Resiliency to a single degraded Availability Zone #939

@46bit

Description

@46bit

This issue is not a bug in cf-deployment, but it's to discuss solving a common incident for CF operators.

What is this issue about?

Several Cloud Foundry users have had outages when a single Availability Zone experiences a partial failure. Incidents like degraded networking are far more common in the Cloud than a complete outage.

Cloud Foundry is engineered to run in multiple AZs, but not to handle degraded single AZs. When a single AZ is only degraded, Cloud Foundry will keep directing new app instances and new web requests into that degraded AZ. These requests will be slow or fail. This makes Cloud Foundry partly down for its users, and right now there are few good options.

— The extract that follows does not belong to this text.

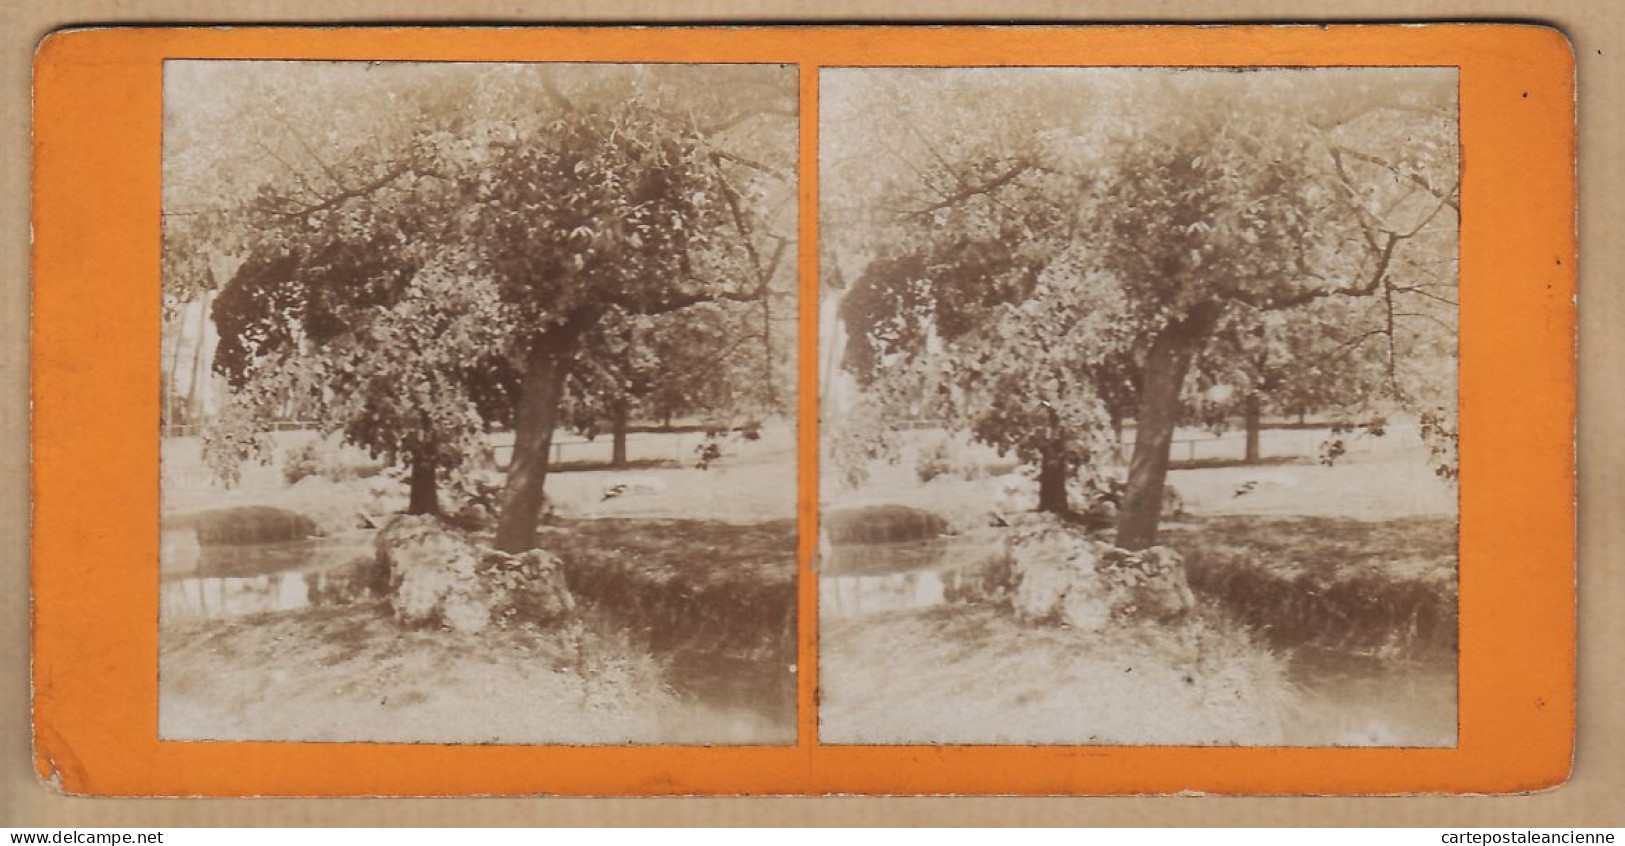 04568 / Stereo View 1890s Arbre OLIVIERS Olivier Olive Tree Photographie Botanique Flore  - Stereoscopic
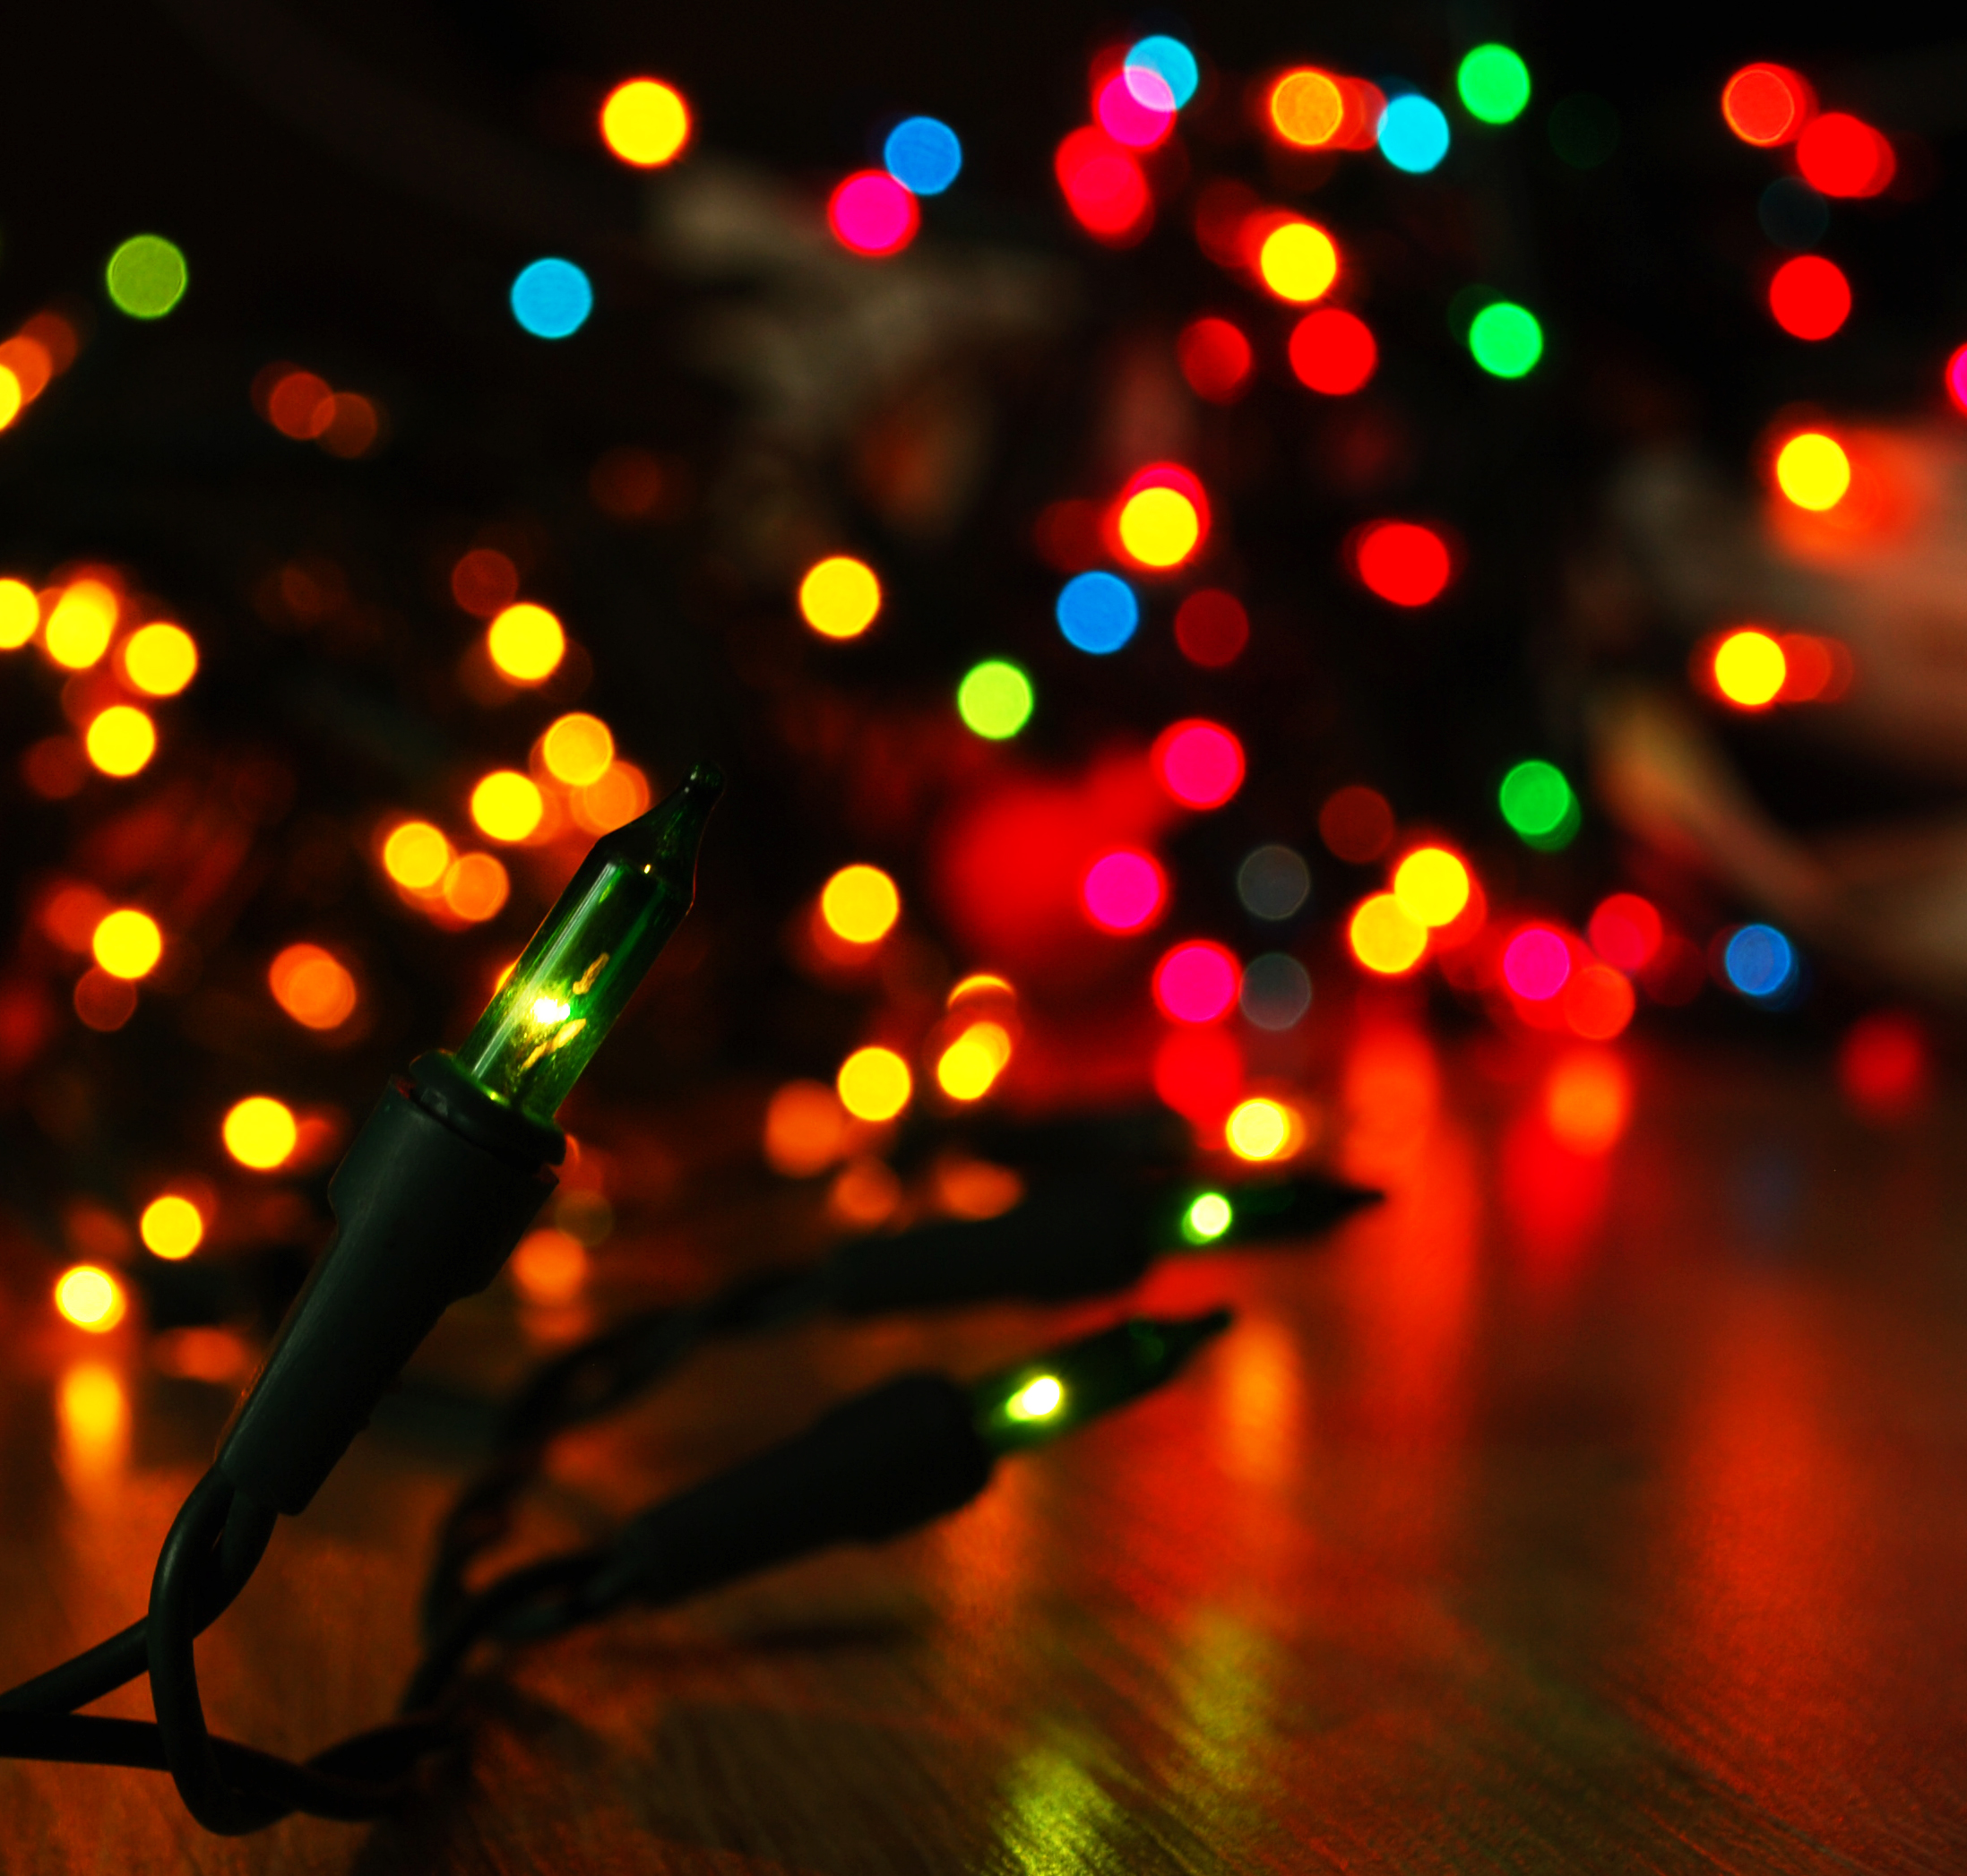 Colorful Christmas Lights Background Image Amp Pictures Becuo

What can CF operators do right now?

Neither of the options we're aware of are very good.

Very slow: You can edit the CF manifest and do a new BOSH deploy that doesn't have VMs in the affected AZ. This is far too slow as the BOSH deploy could take an entire day for the largest CF platforms.

Slow/manual: You can choose to manually block all network traffic into the degraded Availability Zone, for instead using firewall rules. This is the approach being used by GOV.UK PaaS. This has the advantage of being very simple, but it's not seen as automated or fast enough for SAP's needs.

What do you propose?

At SAP, we think the best solution is for each VM to monitor its health. For instance an operator could configure a list of network checks. If too many of the checks fail, the VM would drain itself and kill the BOSH agent. This could also be part of Diego, and trigger a call to Rep's evacuate endpoint.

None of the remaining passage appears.